P.S. SCFGP's performance refers to this model:

boston_housing_best_model = SCFGP()
boston_housing_best_model.load("experiments/boston_housing/best_model.pkl")

Predict Age of Abalone

State-Of-The-Art Model MAE MSE RMSE NMSE MNLP Training Time (s)
SCFGP 1.4113 3.8153 1.9533 0.3715 2.0916 9.5621
MARK-L N/A 4.65 N/A N/A N/A 57.0

P.S. SCFGP's performance refers to this model:

abalone_best_model = SCFGP()
abalone_best_model.load("experiments/abalone/best_model.pkl")

Predict Kinematics of 8-link Robot Arm

State-Of-The-Art Model MAE MSE RMSE NMSE MNLP Training Time (s)
SCFGP 0.0561 0.0052 0.0718 0.0741 -1.2170 355.6762

P.S. SCFGP's performance refers to this model:

kin8nm_best_model = SCFGP()
kin8nm_best_model.load("experiments/kin8nm/best_model.pkl")

Performance of SCFGP v.s. Number of Fourier features

Bostion Housing

BostonHousingMAE BostonHousingMSE BostonHousingRMSE BostonHousingNMSE BostonHousingMNLP BostonHousingTime

Abalone

AbaloneMAE AbaloneMSE AbaloneRMSE AbaloneNMSE AbaloneMNLP AbaloneTime

Kin8nm

Kin8nmMAE Kin8nmMSE Kin8nmRMSE Kin8nmNMSE Kin8nmMNLP Kin8nmTime

Training time of SCFGP is not quite sensitive to the size of training data.
On the contrary, it is to a large extent dependent on the number of Fourier features.

License

Copyright (c) 2016, Max W. Y. Lam All rights reserved.
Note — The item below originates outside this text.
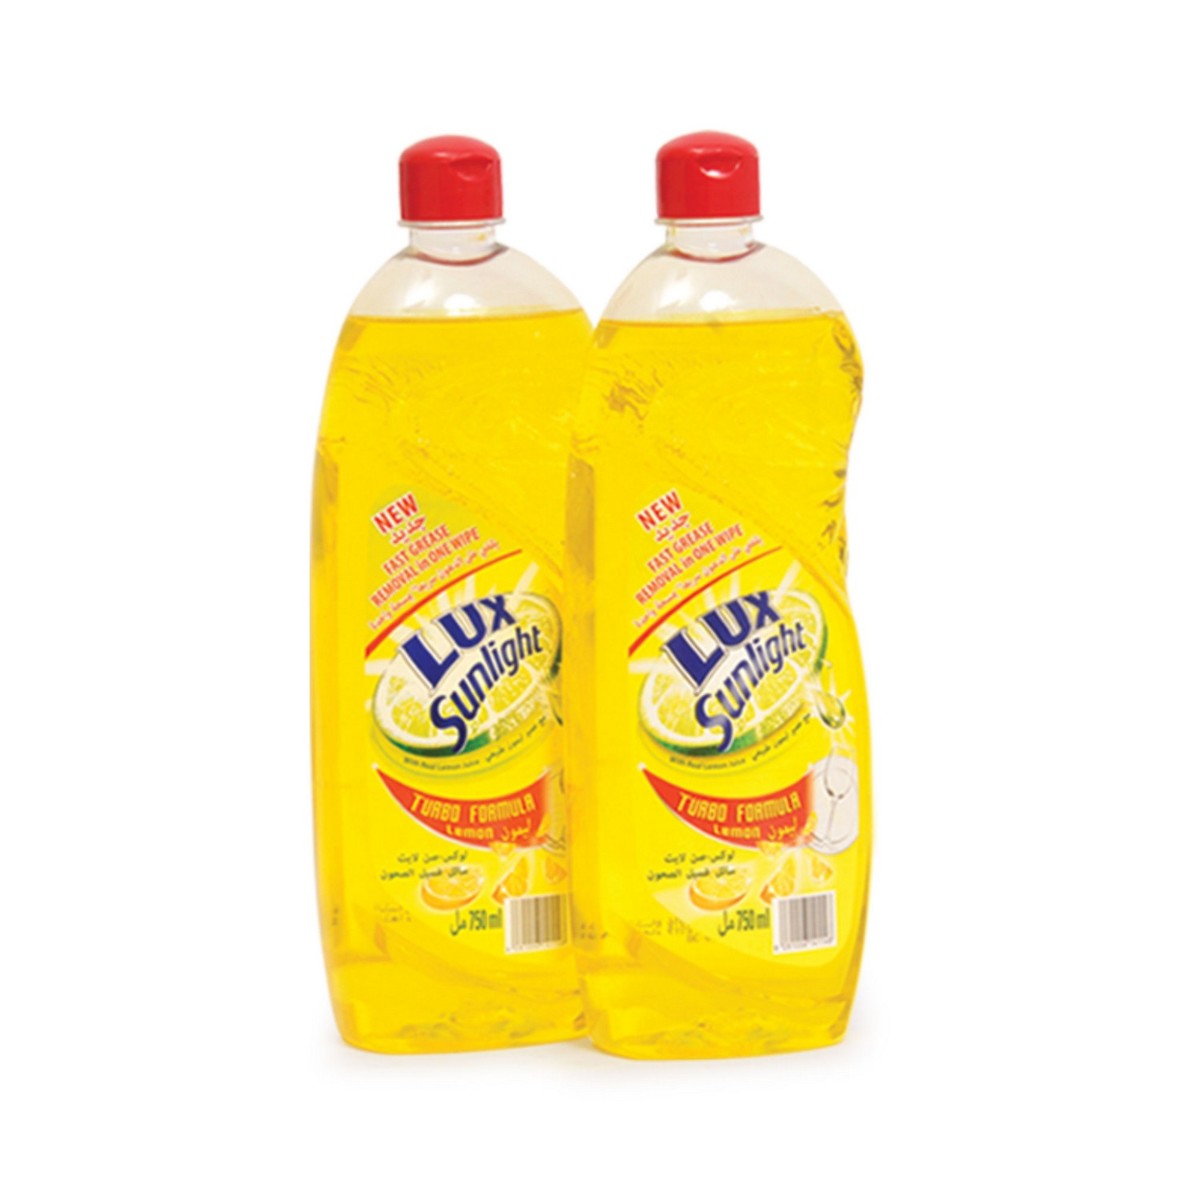 Lulu Lemon Dish Wash Liquid 4 x 420ml - Cleaning & Household
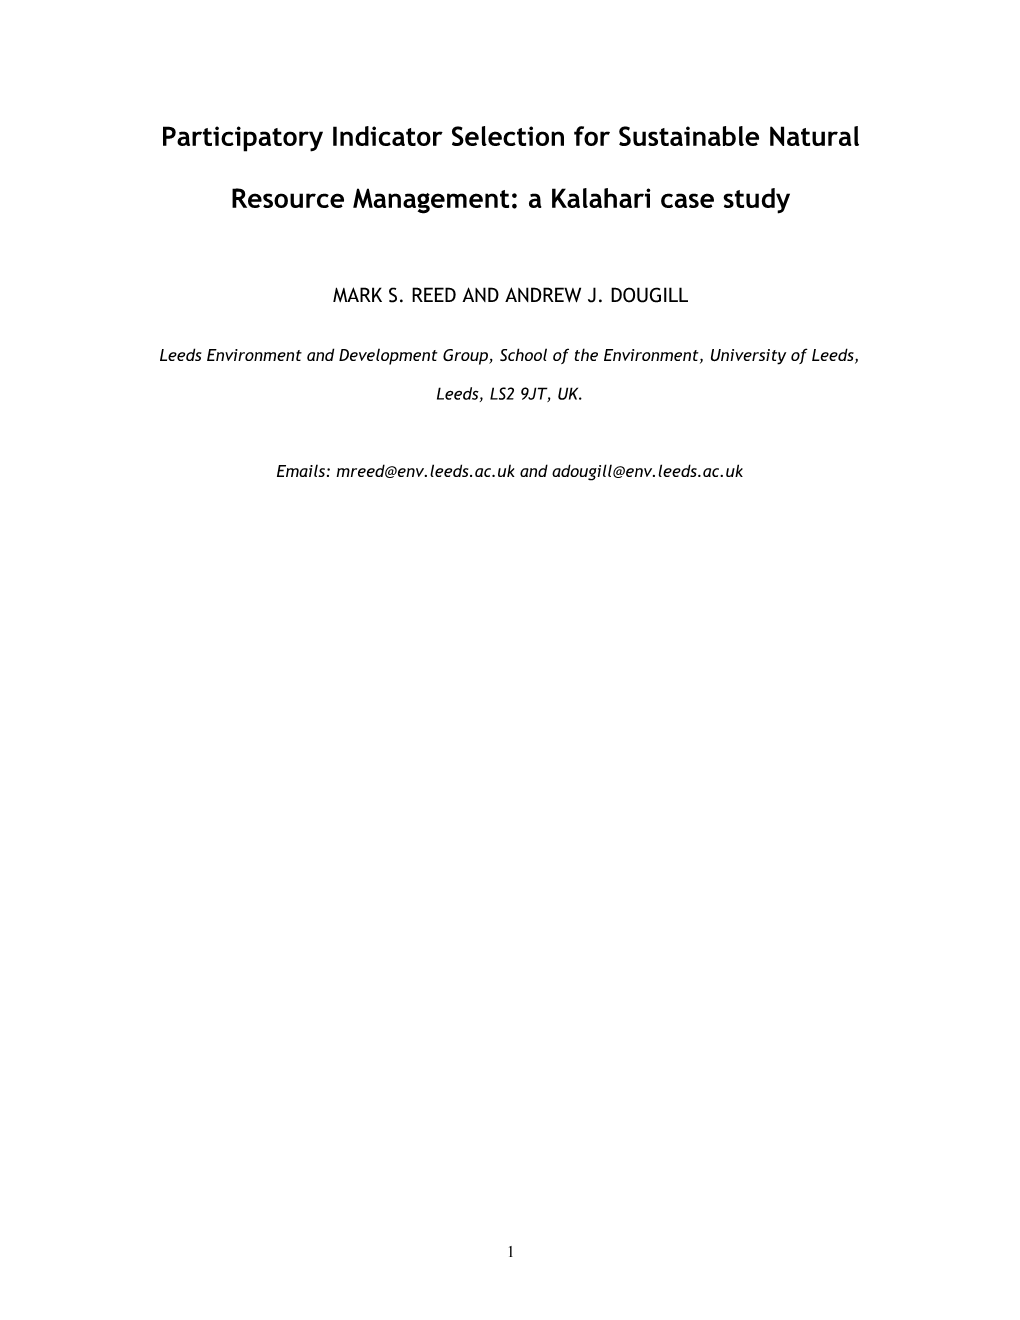 Facilitating Participation in Monitoring and Evaluation: a Conceptual Framework and Kalahari

Redistribution and use in source and binary forms, with or without modification, are permitted provided that the following conditions are met:

  1. Redistributions of source code must retain the above copyright notice, this list of conditions and the following disclaimer.

  2. Redistributions in binary form must reproduce the above copyright notice, this list of conditions and the following disclaimer in the documentation and/or other materials provided with the distribution.

  3. Neither the name of the copyright holder nor the names of its contributors may be used to endorse or promote products derived from this software without specific prior written permission.

THIS SOFTWARE IS PROVIDED BY THE COPYRIGHT HOLDERS AND CONTRIBUTORS "AS IS" AND ANY EXPRESS OR IMPLIED WARRANTIES, INCLUDING, BUT NOT LIMITED TO, THE IMPLIED WARRANTIES OF MERCHANTABILITY AND FITNESS FOR A PARTICULAR PURPOSE ARE DISCLAIMED. IN NO EVENT SHALL THE COPYRIGHT HOLDER OR CONTRIBUTORS BE LIABLE FOR ANY DIRECT, INDIRECT, INCIDENTAL, SPECIAL, EXEMPLARY, OR CONSEQUENTIAL DAMAGES (INCLUDING, BUT NOT LIMITED TO, PROCUREMENT OF SUBSTITUTE GOODS OR SERVICES; LOSS OF USE, DATA, OR PROFITS; OR BUSINESS INTERRUPTION) HOWEVER CAUSED AND ON ANY THEORY OF LIABILITY, WHETHER IN CONTRACT, STRICT LIABILITY, OR TORT (INCLUDING NEGLIGENCE OR OTHERWISE) ARISING IN ANY WAY OUT OF THE USE OF THIS SOFTWARE, EVEN IF ADVISED OF THE POSSIBILITY OF SUCH DAMAGE.